--- Information provided ---
______________________________

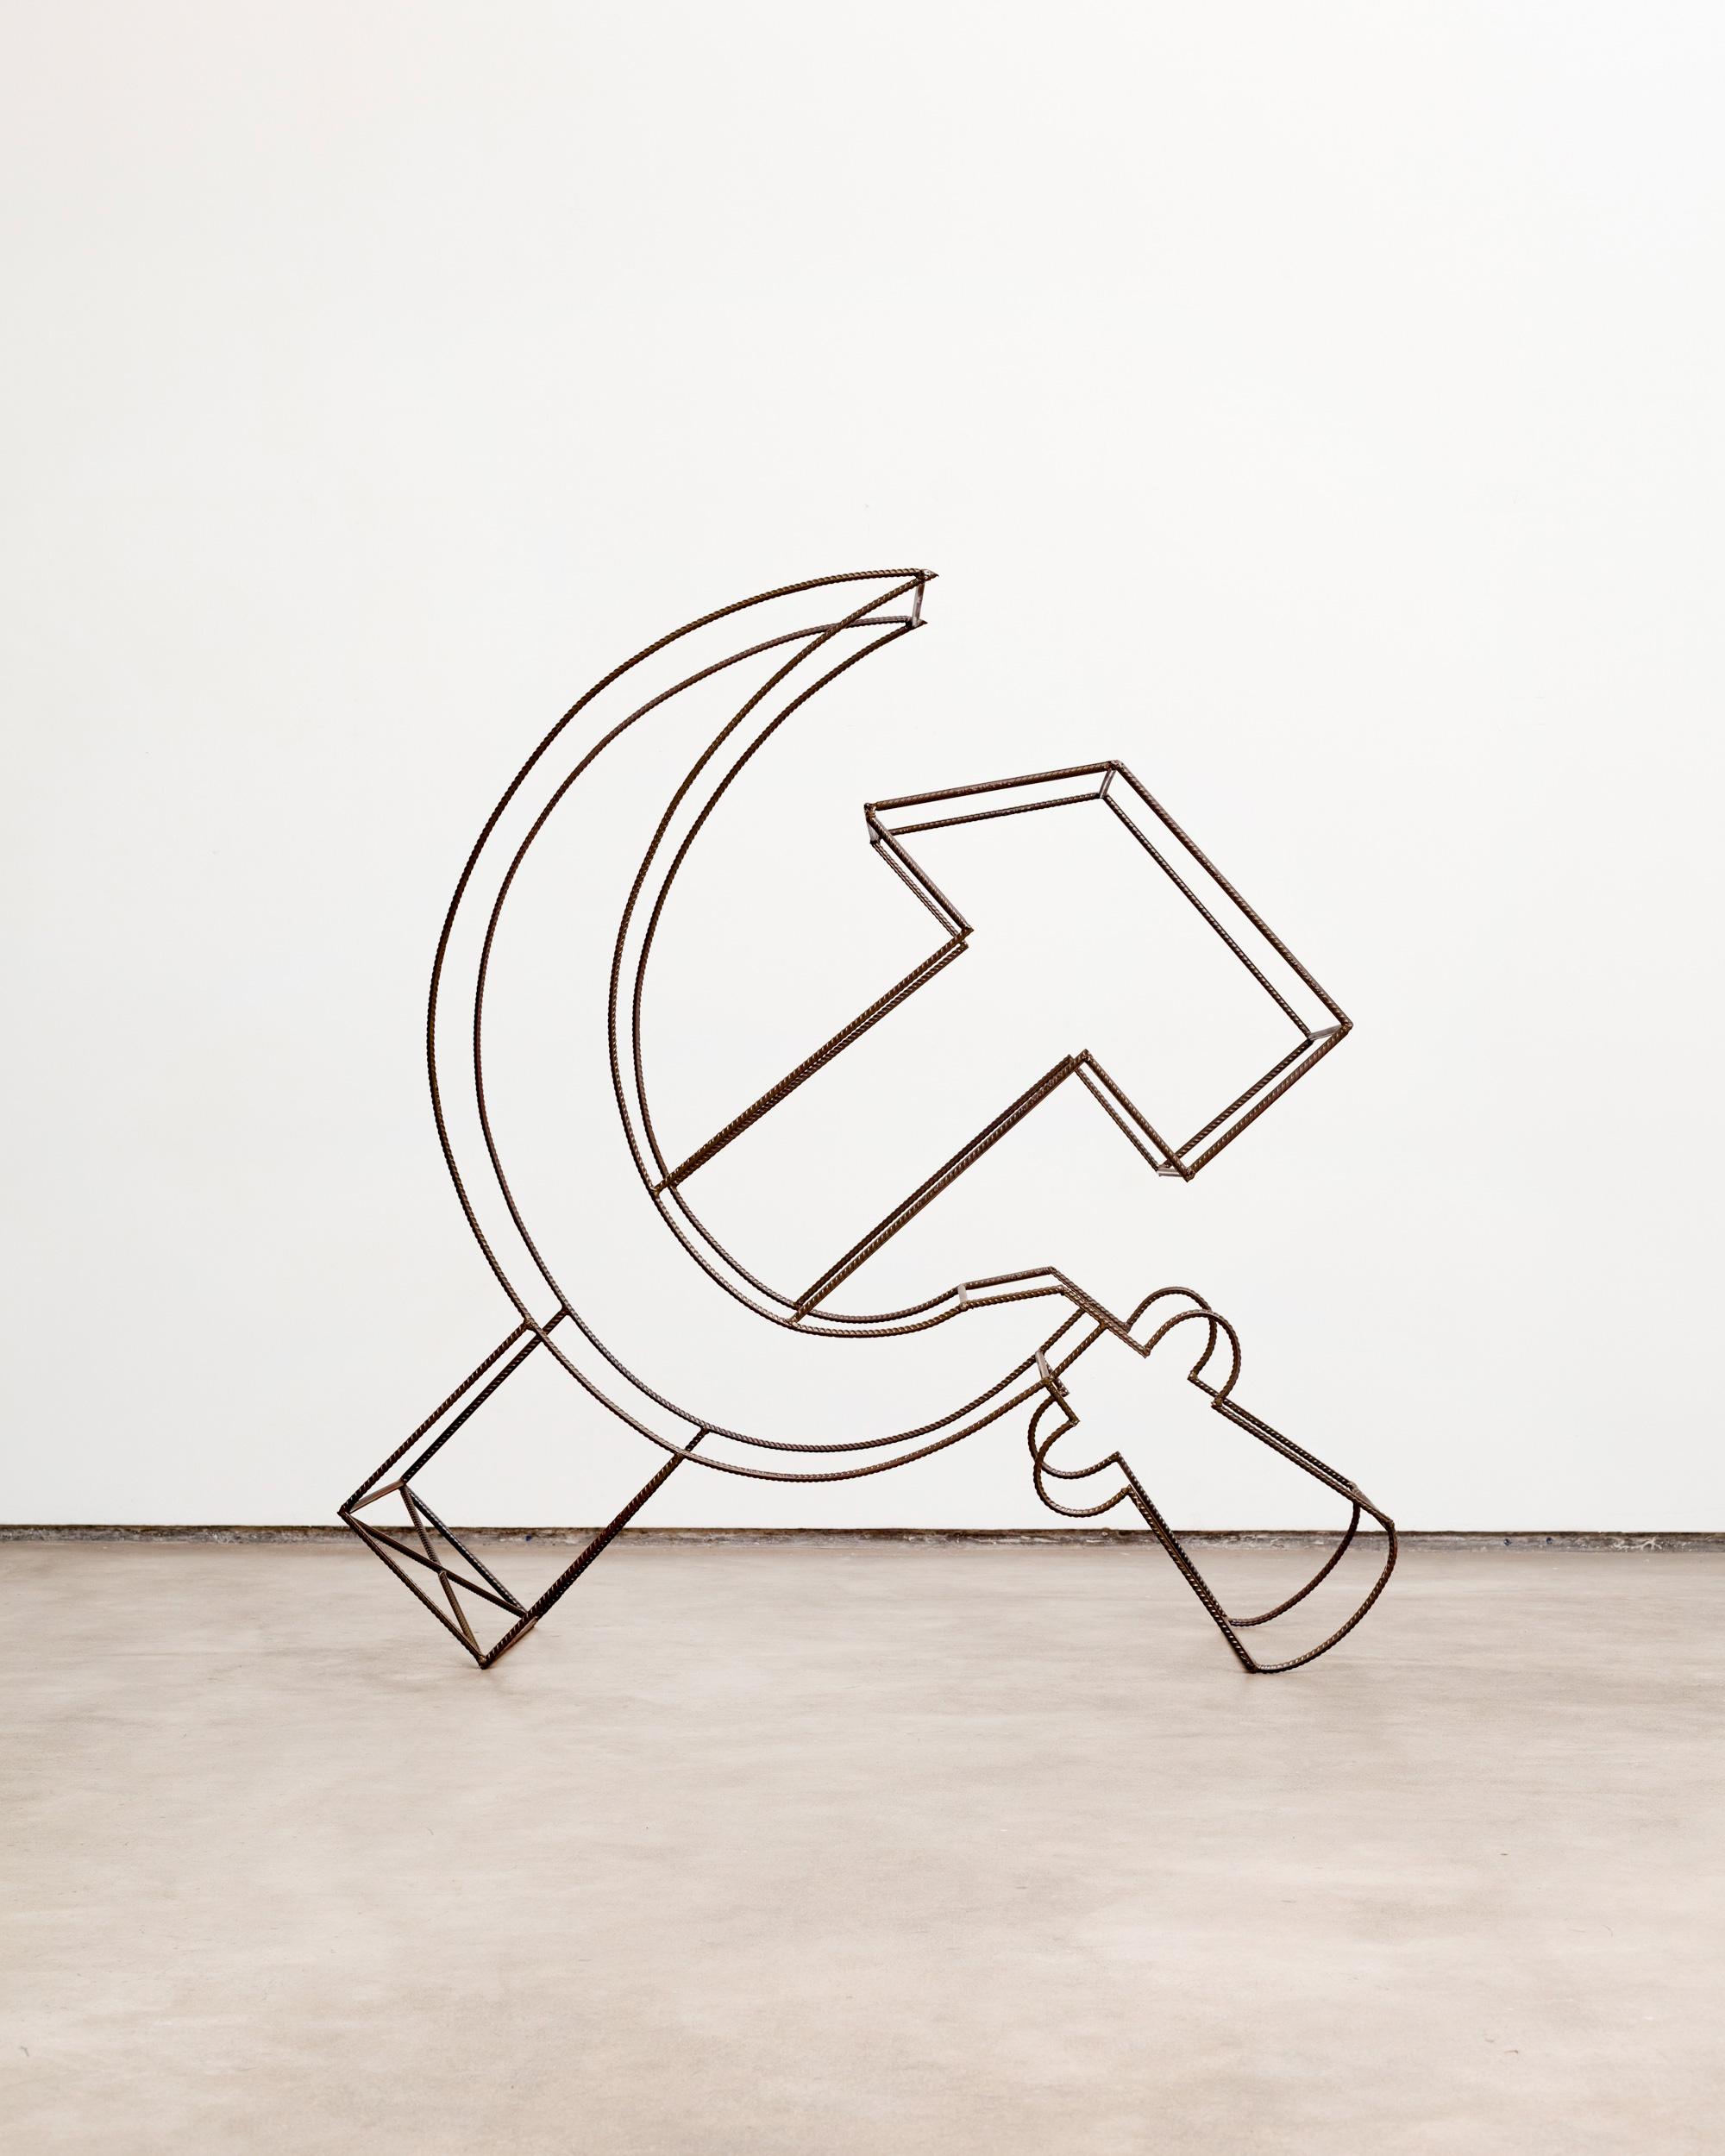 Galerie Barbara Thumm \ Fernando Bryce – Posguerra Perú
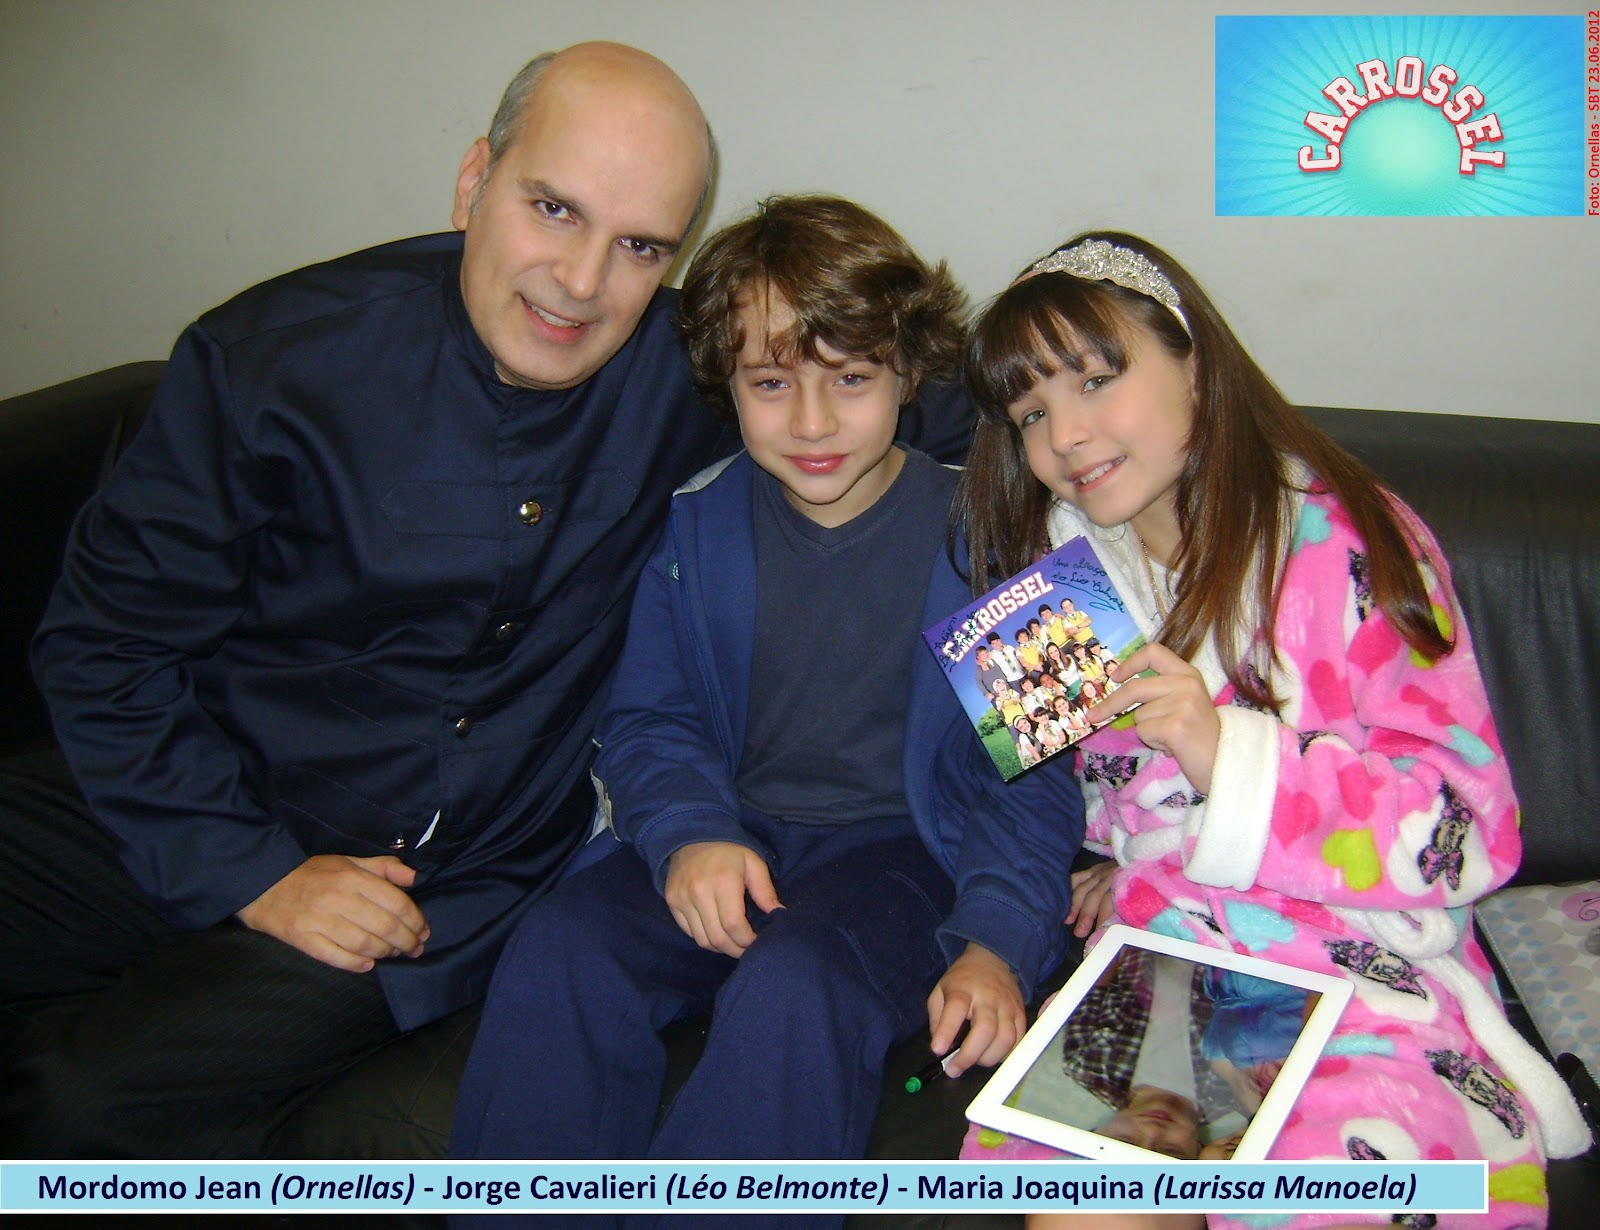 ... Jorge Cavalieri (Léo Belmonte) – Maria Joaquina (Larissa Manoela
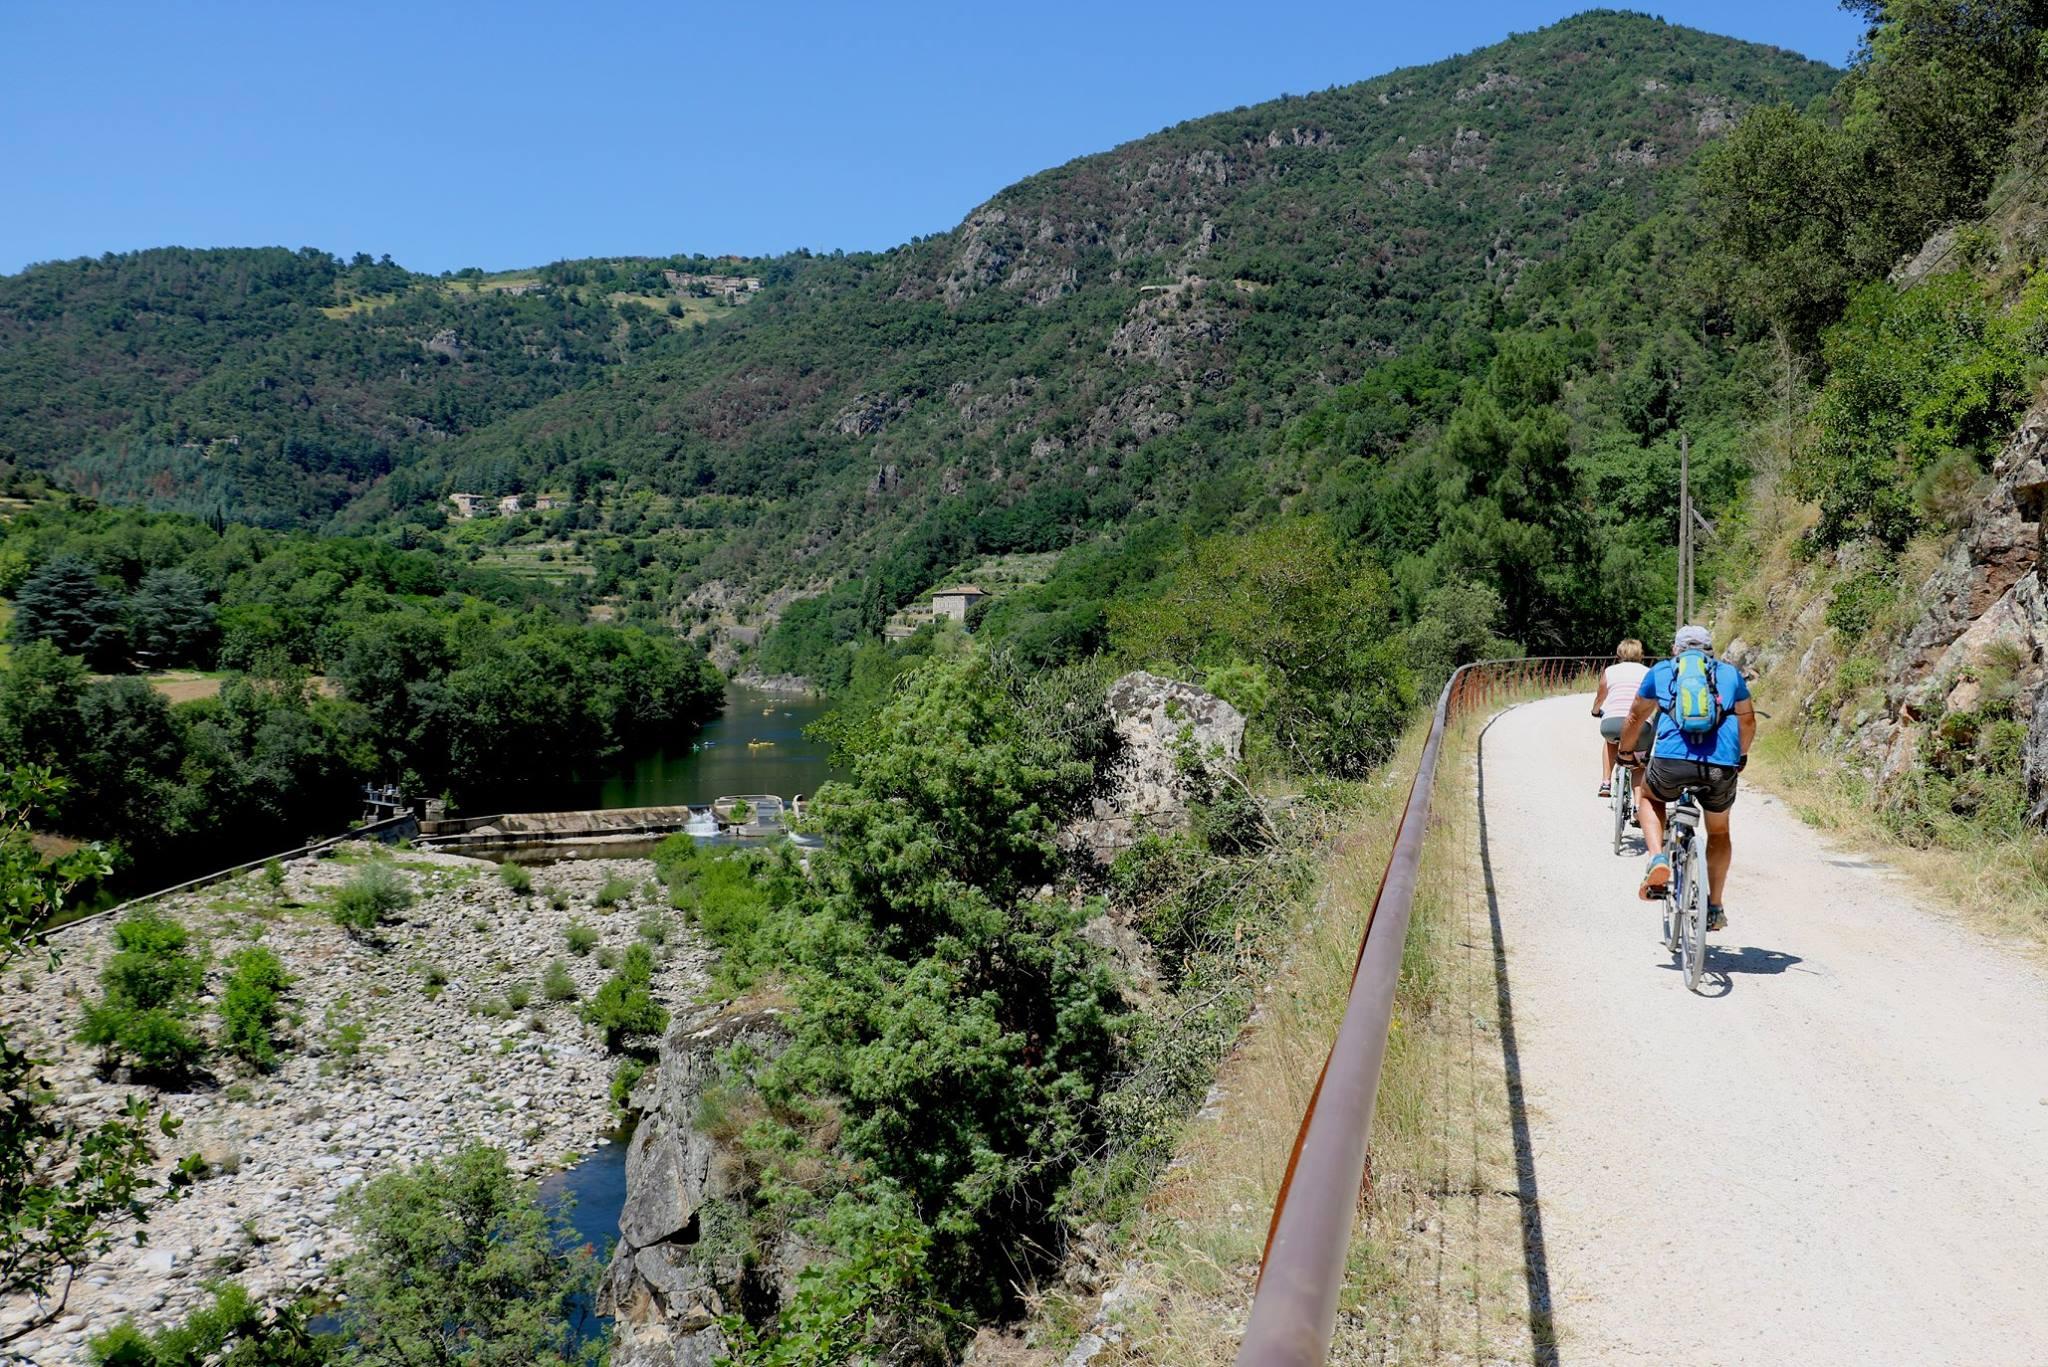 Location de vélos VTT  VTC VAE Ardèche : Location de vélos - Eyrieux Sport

______________________________

--- Task instructions ---
Word for word, copy every line of the data, excluding any pictures.

--- Task solution ---
 Galerie Barbara Thumm \ Fernando Bryce – Posguerra Perú
 ... Jorge Cavalieri (Léo Belmonte) – Maria Joaquina (Larissa Manoela
 Location de vélos VTT  VTC VAE Ardèche : Location de vélos - Eyrieux Sport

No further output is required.